A word that appears frequently in one document but rarely across the corpus receives a high TF-IDF score, signaling that it is particularly relevant to that document.[3]
There are several common variants of the IDF expression. The classical Sparck Jones IDF is log(N / DF(t)). Scikit-learn uses a smoothed version, log((1 + N) / (1 + DF(t))) + 1, which avoids division by zero for unseen terms. Many implementations apply L2 normalization so that document length cancels out under cosine similarity. Combined with cosine similarity, normalized TF-IDF is essentially the lingua franca of classical IR. See the dedicated TF-IDF article for more detail.
BM25, formally Okapi BM25, is a probabilistic relevance-ranking function published by Stephen Robertson and Karen Sparck Jones in their 1994 and 1995 TREC papers and refined into its standard form in the late 1990s.[5] Although BM25 is more often described as a ranking function rather than a feature, it can be viewed as a non-linear weighting scheme over the same BoW vocabulary as TF-IDF. The standard formula is:
BM25(q, d) = sum over t in q of
IDF(t) * (f(t,d) * (k1 + 1)) / (f(t,d) + k1 * (1 - b + b * |d| / avgdl))
where f(t,d) is the frequency of term t in document d, |d| is the length of d, avgdl is the average document length, and the parameters k1 (typically 1.2 to 2.0) and b (typically 0.75) control term-frequency saturation and length normalization. BM25 saturates: doubling the count of a term does not double its score, preventing a stuffed keyword from dominating. BM25 also normalizes for document length. These two corrections explain why BM25 has been the workhorse of full-text search for nearly thirty years and remains the default similarity in Lucene, Elasticsearch, OpenSearch, and Solr. See the dedicated BM25 article for derivations and tuning.
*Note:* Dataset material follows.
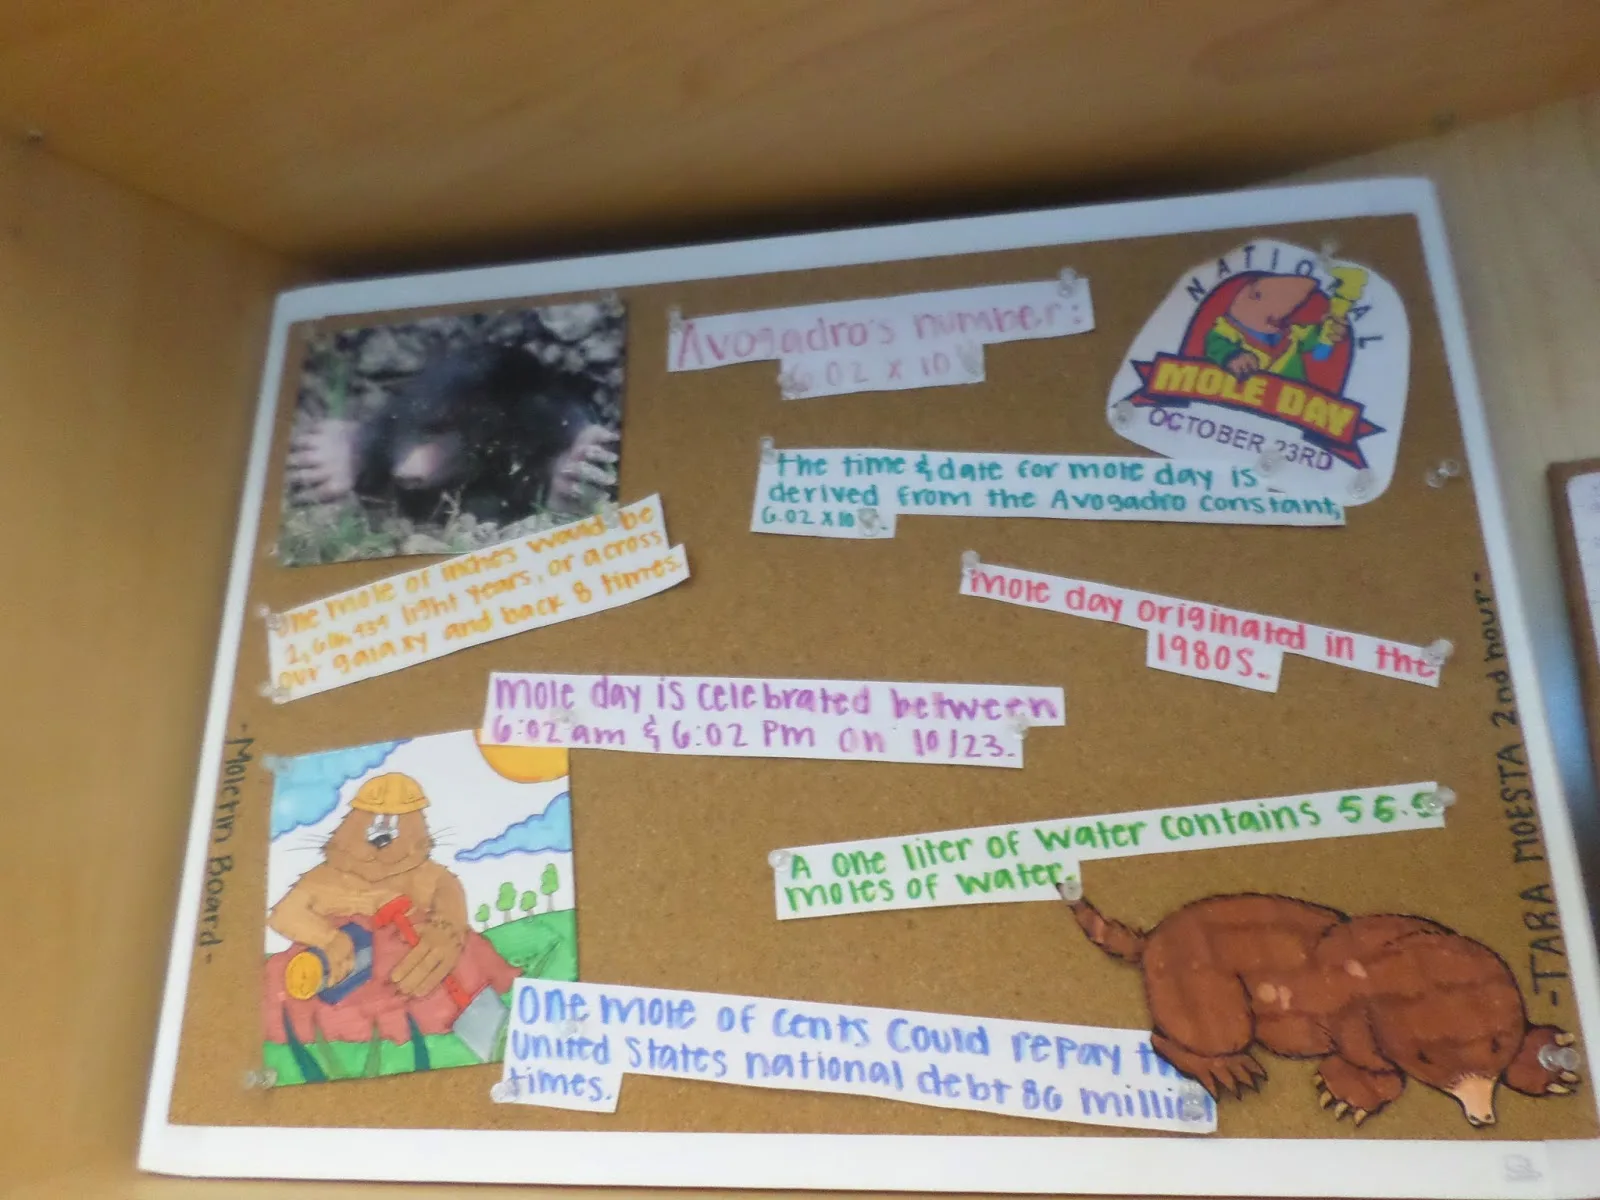 mole day decorations and ideas bulletin boards chemistry science activity
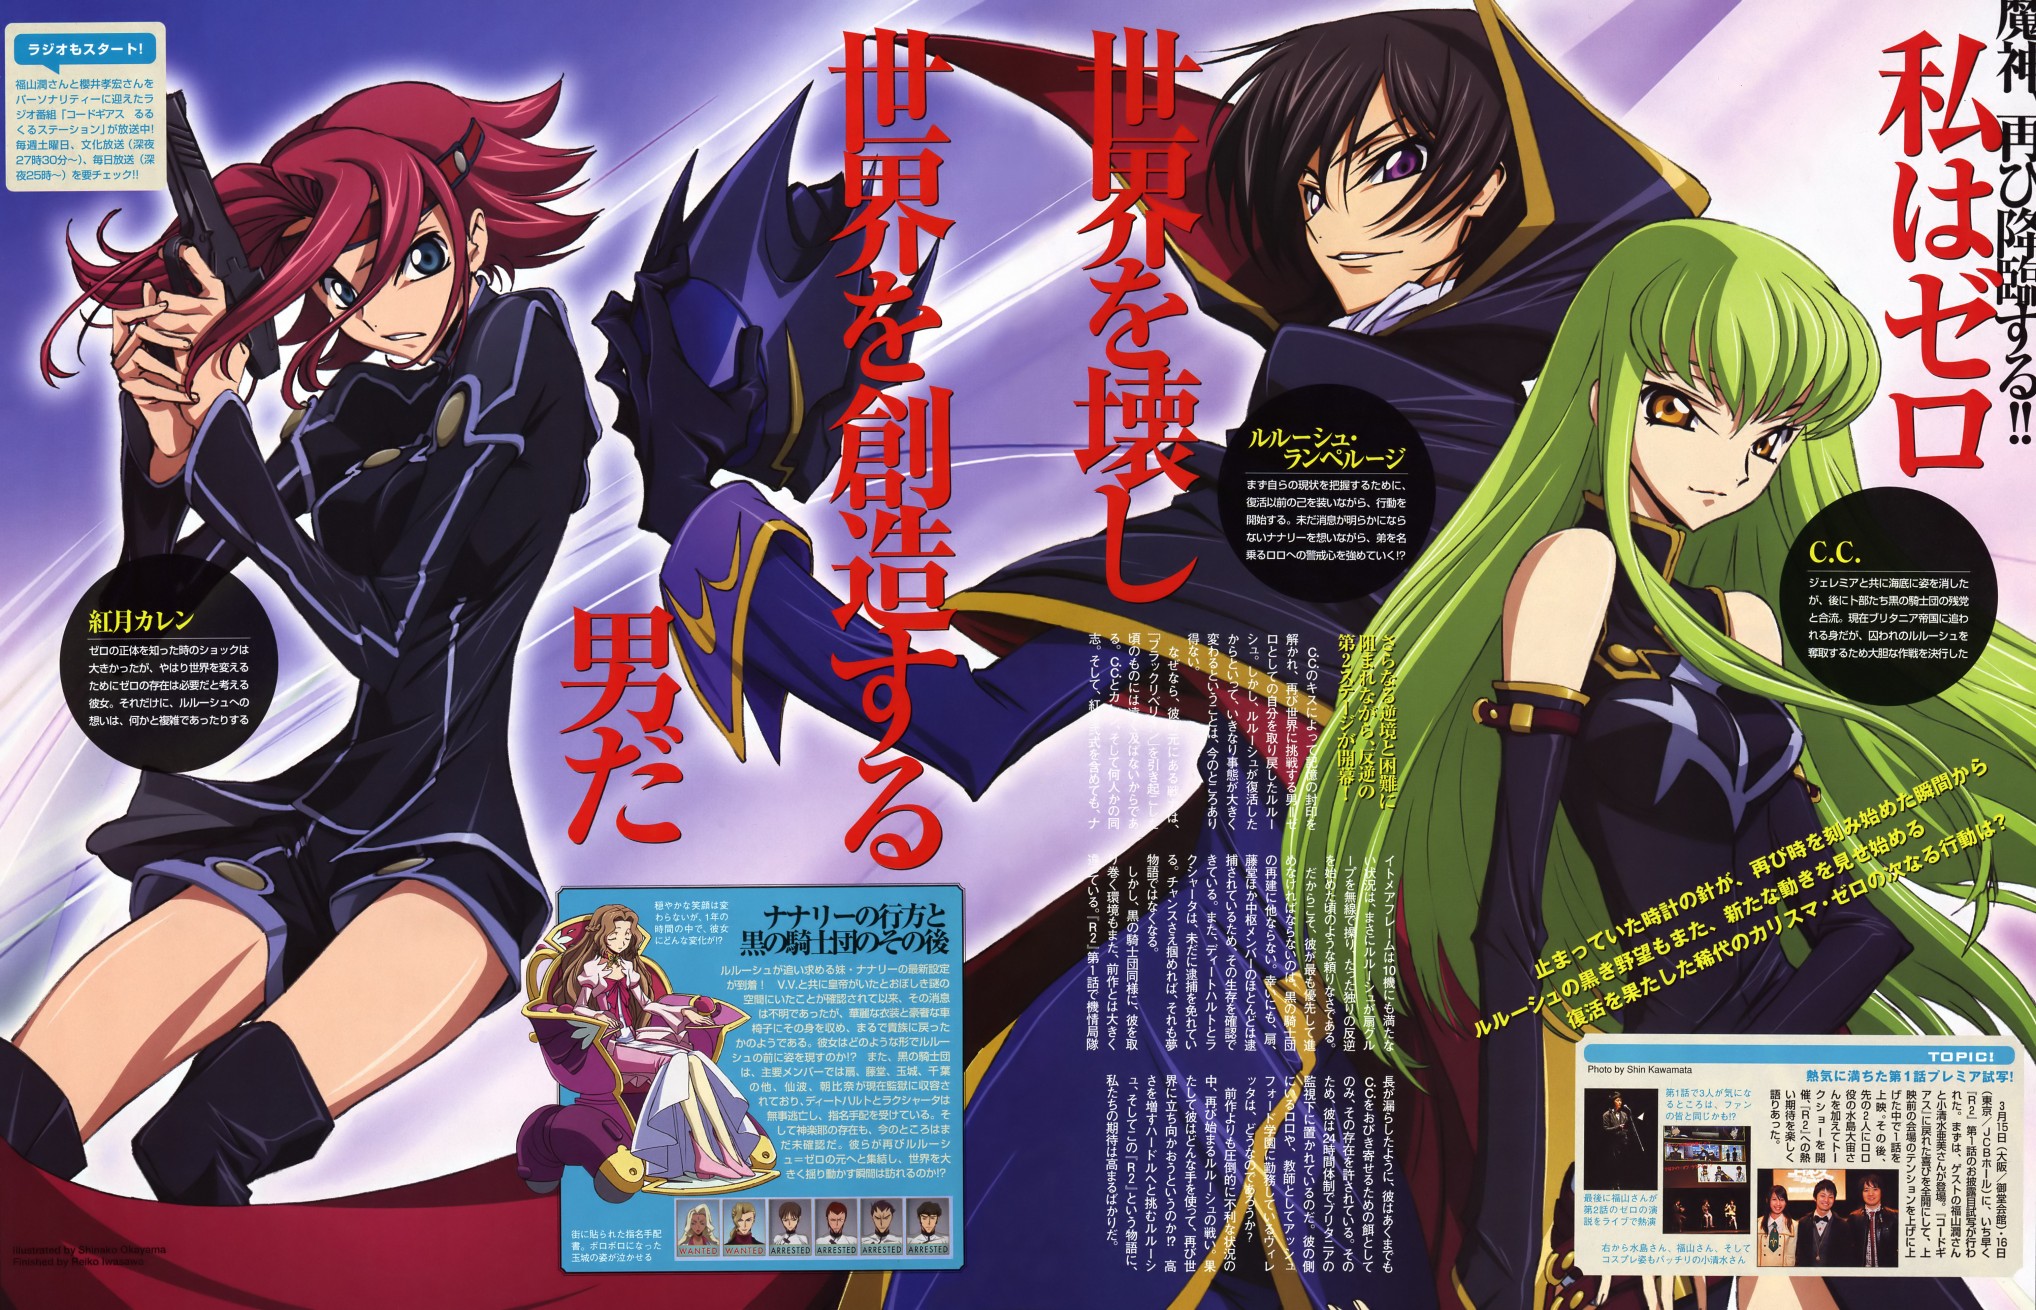 Top 10 Anime Series Males Would Recommend to Others haruhichan.com Code Geass Hangyaku no Lelouch

Consider three short documents:
After lowercasing and removing stopwords ("I," "is"), the vocabulary is: [love, machine, learning, deep, fascinating].
The count vectors are:
| Document | love | machine | learning | deep | fascinating |
|---|---|---|---|---|---|
| Doc 1 | 1 | 1 | 1 | 0 | 0 |
| Doc 2 | 1 | 0 | 1 | 1 | 0 |
| Doc 3 | 0 | 0 | 1 | 1 | 1 |
Notice that "learning" appears in all three documents, so it would receive a low IDF score under TF-IDF weighting. Meanwhile, "machine" and "fascinating" each appear in only one document, so they would receive high IDF scores and help distinguish those documents.
Under TF-IDF weighting (smoothed scikit-learn variant with L2 normalization), "learning" receives a smaller weight than "machine" or "fascinating" in their respective documents, because IDF tells the model that "learning" is uninformative within this corpus. Cosine similarity between Doc 1 and Doc 2 (which share "love" and "learning") is higher than between Doc 1 and Doc 3, matching human intuition that the first two documents are more similar.
A major weakness of the standard BoW model is that it treats each word independently, losing all information about word order. The n-gram extension addresses this by considering sequences of consecutive words as single tokens rather than individual words alone.
Using bigrams allows the model to partially capture word order. For instance, the phrases "not good" and "very good" become distinct features rather than being collapsed into the same set of individual words. Research on email spam classification has shown that trigram and 4-gram features can achieve classification accuracy above 98%.[7] In practice, combining unigrams with bigrams tends to offer the best balance between capturing local word order and keeping the vocabulary manageable.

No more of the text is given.